OpenAI Says It’s "Over" If It Can’t Steal All Your Copyrighted Work

[email protected]

Sorry, I was talking about HiQ labs v. Linkedin. But there is Google v. Perfect 10 and Google v. Authors Guild that show how scrapping public data is perfectly fine and include Google.

An image generator is trained on a billion images and is able to spit out completely new images on whatever you ask it. Calling it anything but transformative is silly, especially when such things as collage are considered transformative.

[email protected]

eh, "completely new" is a huge stretch there. splicing two or ten movies together doesn't give you an automatic pass.

[email protected]

That's fair, but OpenAI isn't fighting to reform copyright law for everyone. OpenAI wants you to be subject to the same restrictions you currently face, and them to be exempt. This isn't really a "lesser of two evils" situation.

[email protected]

Okay, I can work with this. Hey Altman you can train on anything that's public domain, now go take those fuck ton of billions and fight the copyright laws to make public domain make sense again.

[email protected]

Too bad, so sad

[email protected]

Molly White also wrote about this in the context of open access on the web and people being concerned about how their works are being used.

“Wait, not like that”: Free and open access in the age of generative AI

The same thing happened again with the explosion of generative AI companies training models on CC-licensed works, and some were disappointed to see the group take the stance that, not only do CC licenses not prohibit AI training wholesale, AI training should be considered non-infringing by default from a copyright perspective.

[email protected]

BTW, if anyone was interested - many visual models use the same training set, collected by a German non-profit: https://laion.ai/

It's "technically not copyright infringement" because the set is just a link to an image, paired with a text description of each image. Because they're just pointing to the image, they don't really have to respect any copyright.

[email protected]

I don't think it's actually such a bad argument because to reject it you basically have to say that style should fall under copyright protections, at least conditionally, which is absurd and has obvious dystopian implications. This isn't what copyright was meant for. People want AI banned or inhibited for separate reasons and hope the copyright argument is a path to that, but even if successful wouldn't actually change much except to make the other large corporations that own most copyright part owners of AI systems. That's not actually a better circumstance.

[email protected]

It’s really sad that his willingness to say the tech industry is full of shit is such an unusual attribute in the tech journalism world.

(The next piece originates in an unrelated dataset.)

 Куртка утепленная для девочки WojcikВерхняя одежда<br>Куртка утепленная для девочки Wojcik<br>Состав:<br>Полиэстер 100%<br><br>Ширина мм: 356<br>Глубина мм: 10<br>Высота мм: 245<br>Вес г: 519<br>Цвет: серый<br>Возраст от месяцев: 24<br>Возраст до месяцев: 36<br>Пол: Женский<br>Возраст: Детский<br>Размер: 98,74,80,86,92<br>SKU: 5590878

What is interesting is if he didn't pretty regularly say "why the fuck AM I the guy who is sounding the alarm here????!?!?!" I would be much more skeptical of his points. He isn't someone that is directly aligned with the industry, at least not in an "authoritative expert capable of doing a thorough takedown of a bubble/hype mirage". I mean I can tell the guy likes the attention, but he seems utterly genuine in the "wtf, well ok I will do it... but like seriously I AM the guy who is sounding the alarm here? This isn't honestly my direct area of expertise?"

[email protected]

Stealing means the initial item is no longer there

[email protected]

Took a brief break for MENA to be the targeted one though

[email protected]

This is the correct answer. Never forget that US copyright law originally allowed for a 14 year (renewable for 14 more years) term. Now copyright holders are able to:

reach consumers more quickly and easily using the internet
market on more fronts (merch didn't exist in 1710)
form other business types to better hold/manage IP

So much in the modern world exists to enable copyright holders, but terms are longer than ever. It's insane.

? Offline

Actually I would just make the guard rails such that if the input can’t be copyrighted then the ai output can’t be copyrighted either. Making anything it touches public domain would reel in the corporations enthusiasm for its replacing humans.

? Offline

Based on this, can I use chat gpt to recreate a Coca Cola recipe

? Offline

counterpoint: what if we just make an exception for tech companies and double fuck consumers?

[email protected]

Counter counterpoint: I don't know, I think making an exception for tech companies probably gives a minor advantage to consumers at least.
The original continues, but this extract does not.